There are multiple forces pushing jobs out of the workforce as companies invest in AI: some roles are being automated, others are cut as firms replace many positions at once, and a third force is capital displacement where spending shifts from labor to infrastructure. That reallocation can weaken companies if those big bets on AI infrastructure fail. In Texas, FERMI—touted as one of the largest AI projects—has struggled to secure an anchor tenant and recently saw its CEO and CFO step down.

The usual story treats displacement as a task-level event: a machine learns a task and the specific job vanishes. But a different pattern shows up in earnings calls, SEC filings, and restructuring notes: companies are explicitly reallocating payroll dollars into AI capital expenditures. That means layoffs or hiring freezes can be driven by budget choices rather than immediate technical substitution.

Corporate leaders have sometimes put this plainly: “Companies are shifting budgets toward AI investments at the expense of jobs,” said Andy Challenger of Challenger, Gray & Christmas. In March 2026, AI was the lead reason cited for U.S. job cuts, with 15,341 layoffs attributed to the technology, representing 25% of planned cuts that month. Through Q1 2026, AI was cited in 27,645 cuts, about 13% of total announced layoffs, and March’s spike suggested an acceleration.

Daniel Keum of Columbia Business School framed the dynamic as resource reallocation: some workers lose jobs not because a role has been automated but because companies are directing money to AI and away from other expenditures. That distinction matters for how quickly white-collar roles shrink and for what policy responses make sense. If paylines are shifted, the work may still be needed but left undone or outsourced.

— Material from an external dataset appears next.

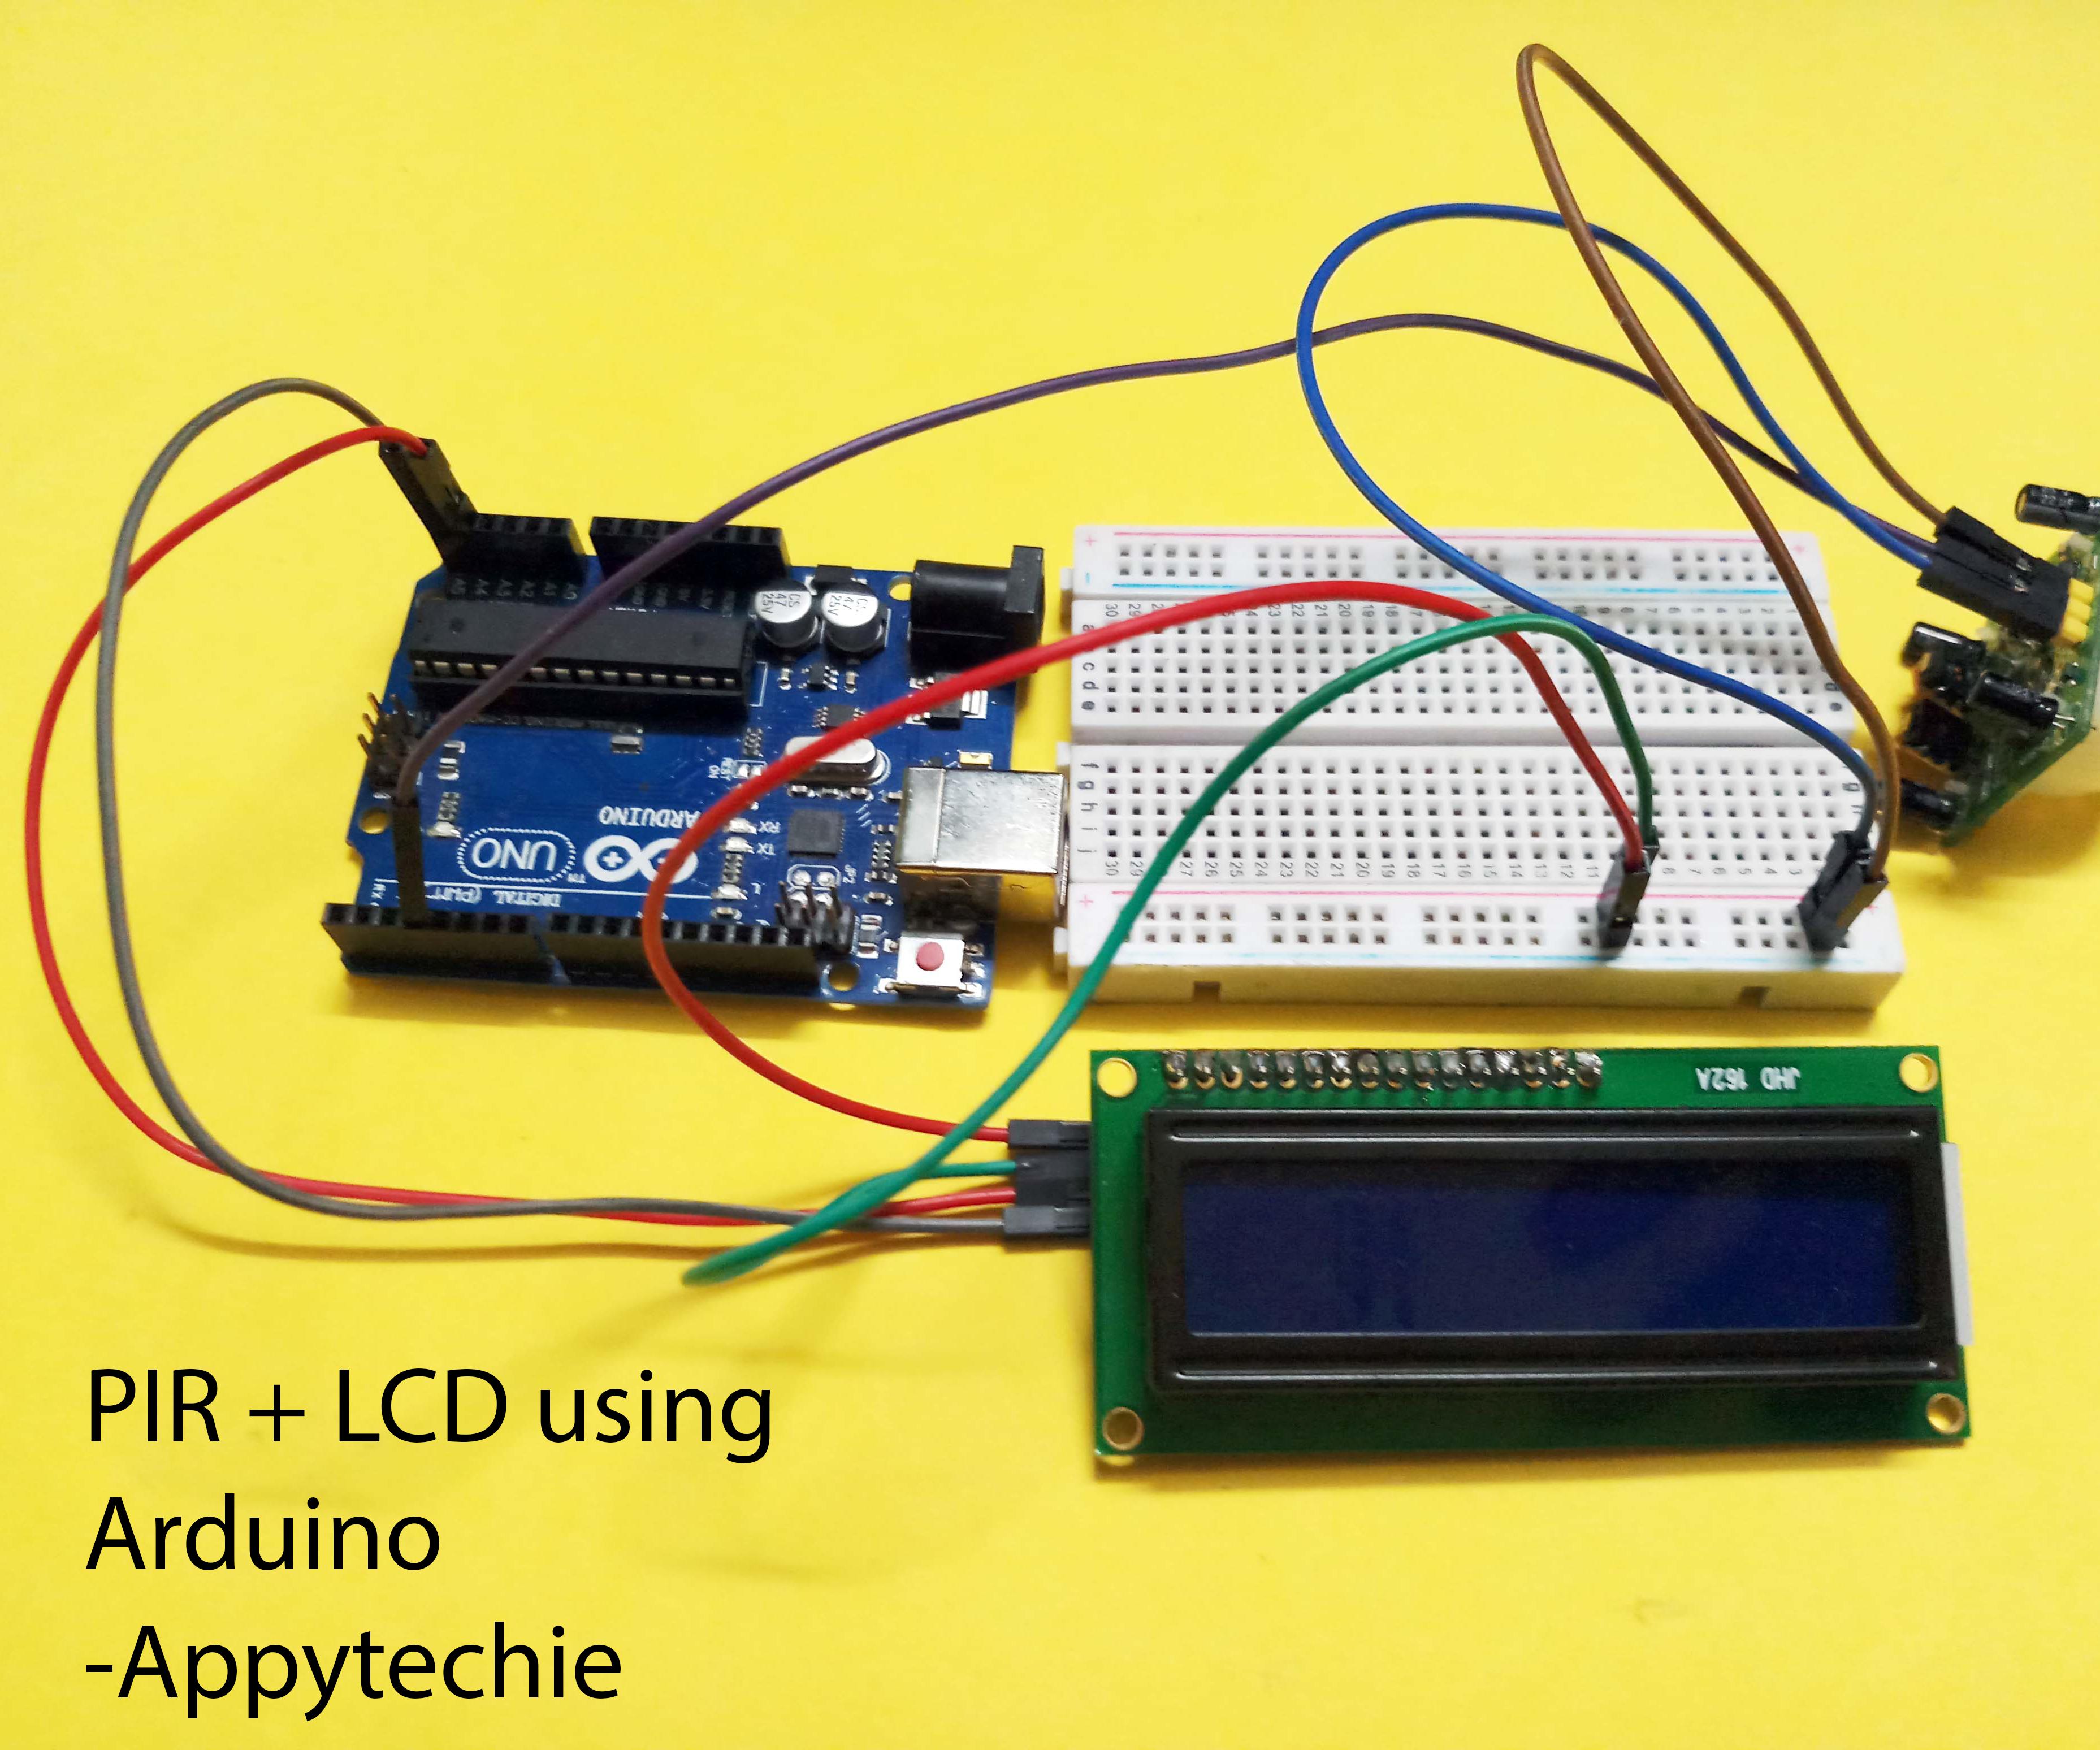 PIR + LCD Using Arduino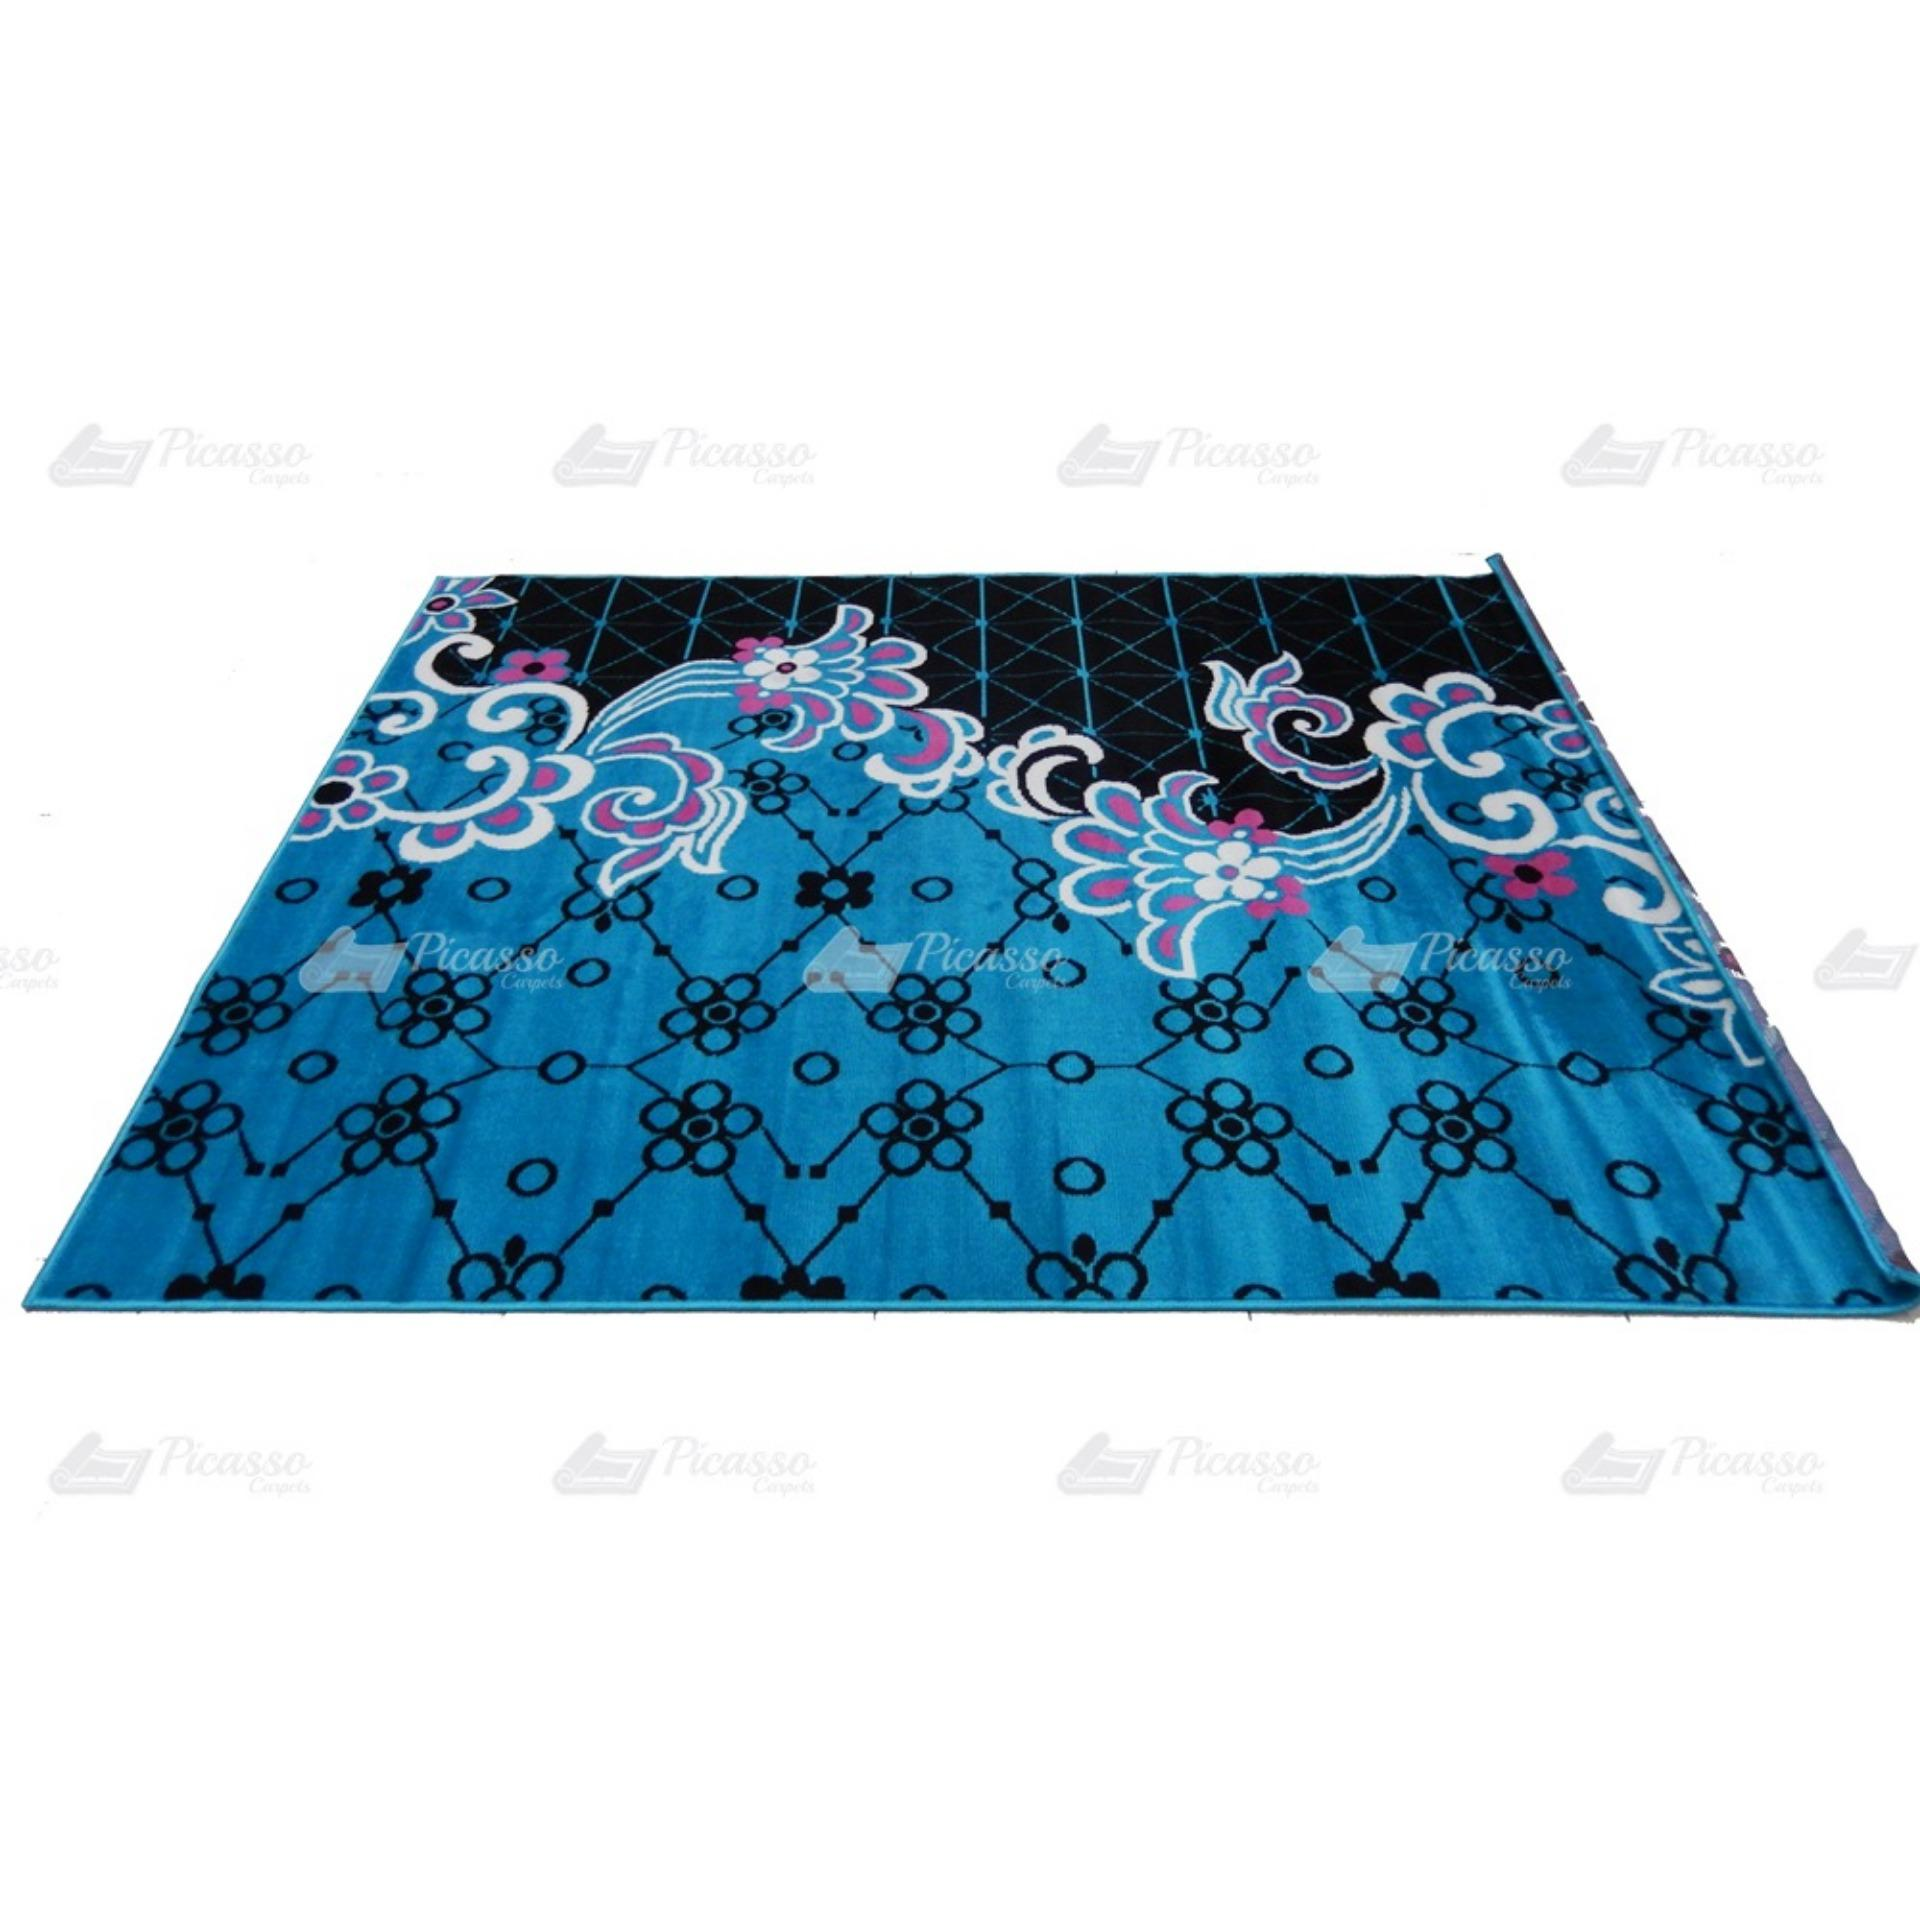 Fitur Termurah Karpet Moderno Uk 160 X 210 Azure 162066 Dan Harga Dompet Pria Kulit Asli Bifold Wallet Mens Import Branded  Ragazzo Dkr 006 3

Major tech firms are backing the math with massive capex. The five largest U.S. cloud and AI infrastructure providers have collectively committed to roughly $660 billion to $690 billion in capital spending in 2026, while capital expenditures among big tech more than doubled in two years to $427 billion in 2025. That spending goes toward data centers, GPUs, and networking, assets that are capital-intensive but not particularly labor-intensive compared with other growth investments.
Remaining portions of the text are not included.